I failed all my GCSEs and was homeless & living in a TENT at 16 – now I’m one of the richest men in Britain worth £350m
AN ENTREPRENEUR who failed all of his GCSEs and was homeless and living in a TENT at 16 is now one of the richest men in Britain worth £350million.
Mark Constantine, 71, is the co-founder and CEO of Lush, a company famous for bringing the bath bomb to the world.
The ethical cosmetics retailer, headquartered in Dorset, has more than 900 shops and the brand operates in 52 countries.
The latest accounts show profits of £29.2million on sales of £408.7million.
Despite being one of the UK’s most formidable businessmen and sitting 345 on the Sunday Times Rich List 2023, Constantine had a tumultuous adolescence.
His father John left the family home in Weymouth when he was just two years old.
Constantine was then devastated by the death of his grandmother aged 12 before failing all of his O-levels.
By 16 he was homeless and living in a tent in the Dorset woods due to a difficult relationship with his mother and stepfather.
Constantine became a hairdresser in London after a family friend took him in and began developing hair products.
He was The Body Shop‘s biggest supplier until Dame Anita Roddick bought his business in 1991 for £6million.
Constantine then had a go at a mail order business called Cosmetics to Go which went bust.
It was at this point, in 1995, when he launched the Poole-based company Lush with five others, including his wife, Mo.

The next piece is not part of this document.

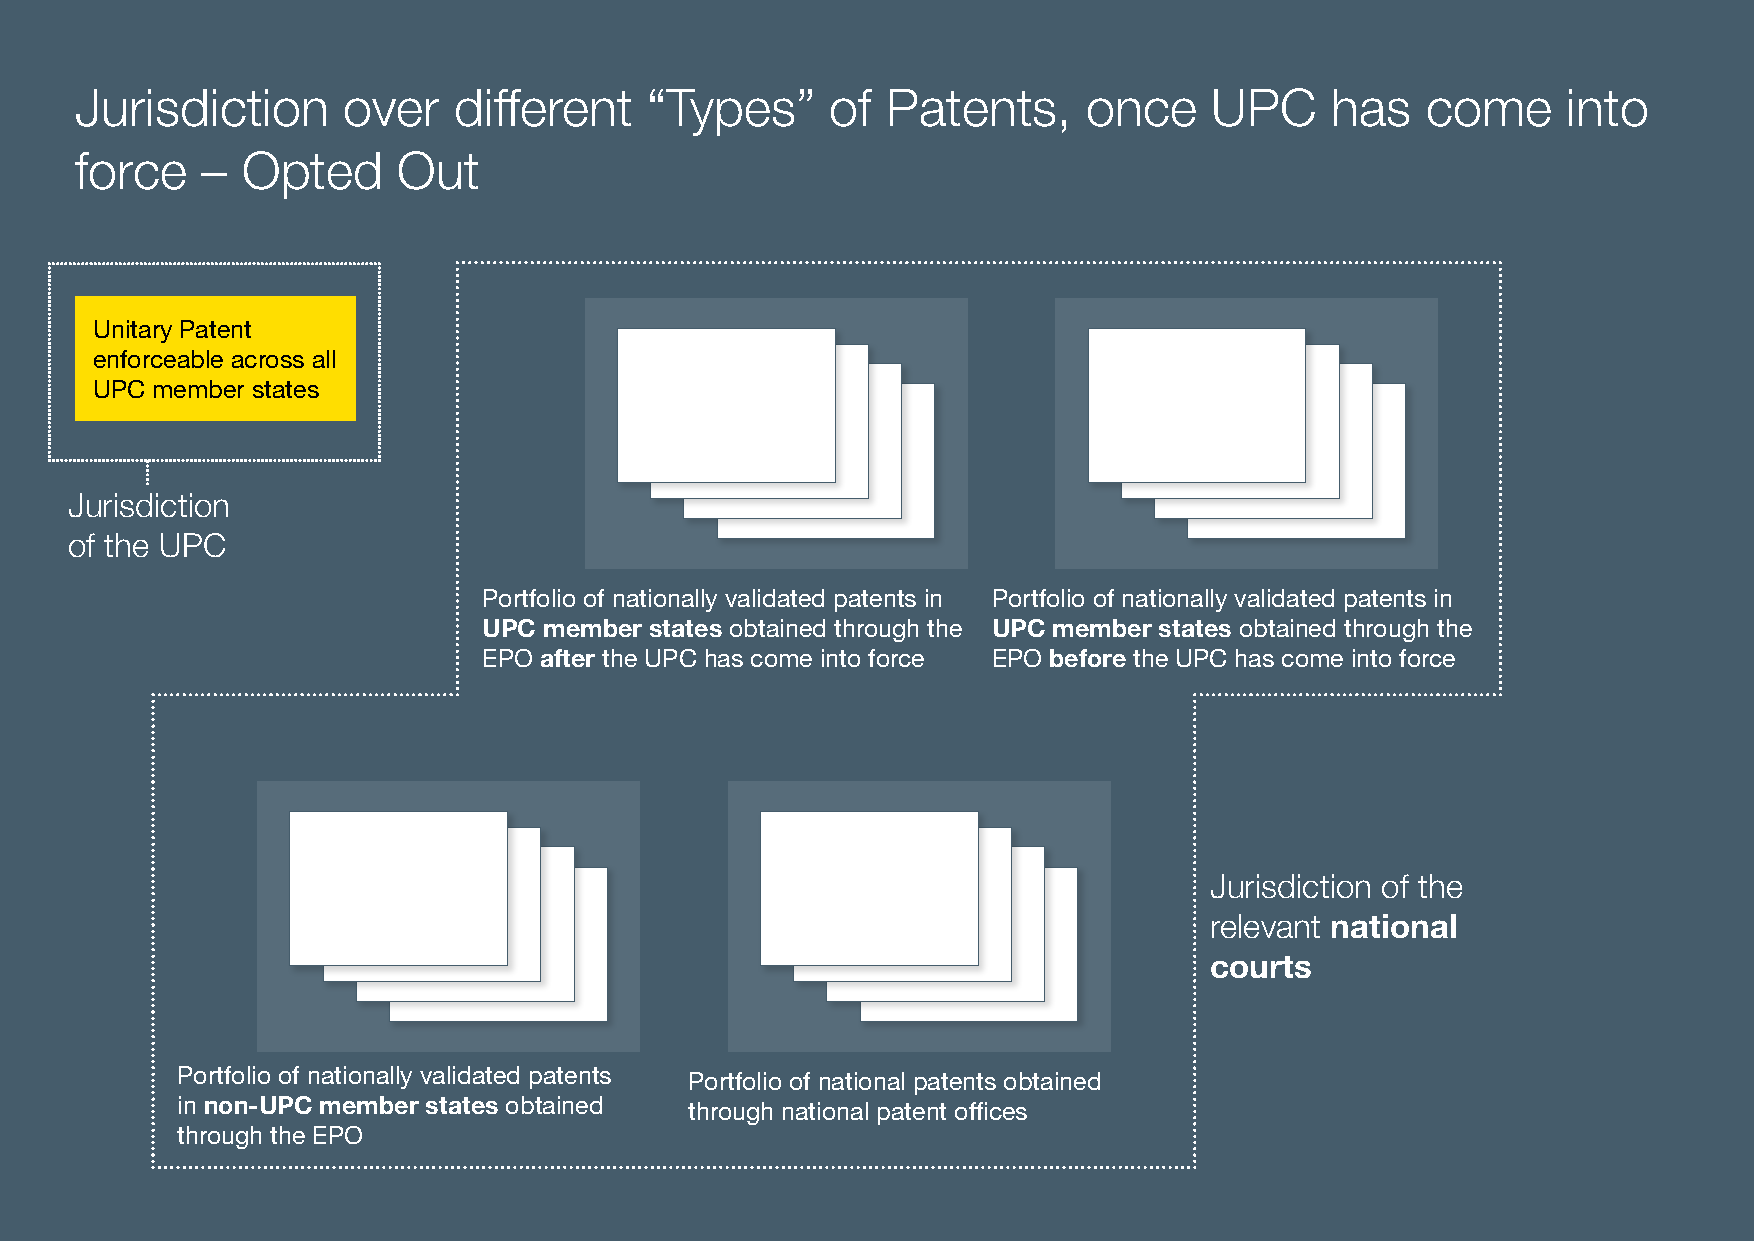 Jurisdiction over different "Types" of Patents, once UPC has come into force - Opted Out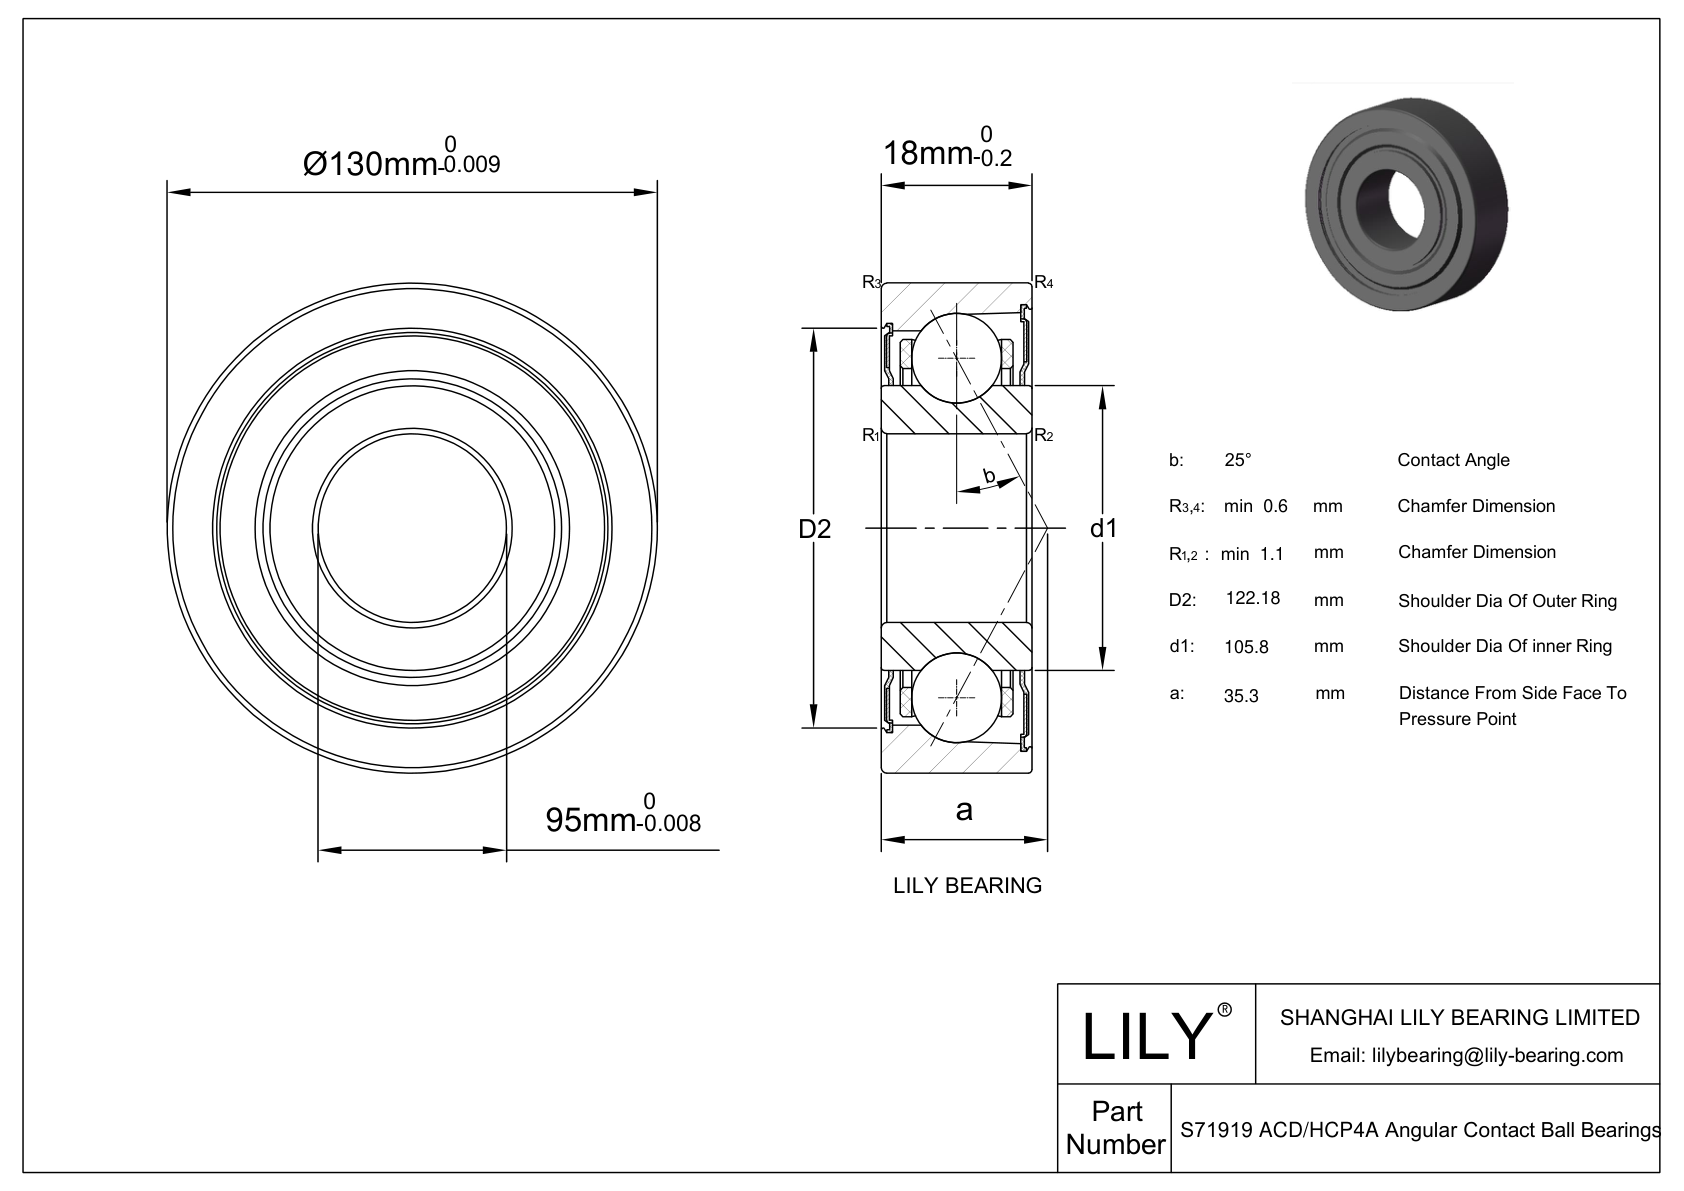 S71919 ACD/HCP4A Super Precision Angular Contact Ball Bearings cad drawing

Former legal secretary Mo is credited as the inventor of the bath bomb and the shampoo bar.
He described his difficult personal past as the “entrepreneur’s wound” to the Telegraph in 2018.
Constantine claimed many successful business people have it and said he was “not the most balanced of people”.
In 2013 he was finally reunited with his father. He died two months later.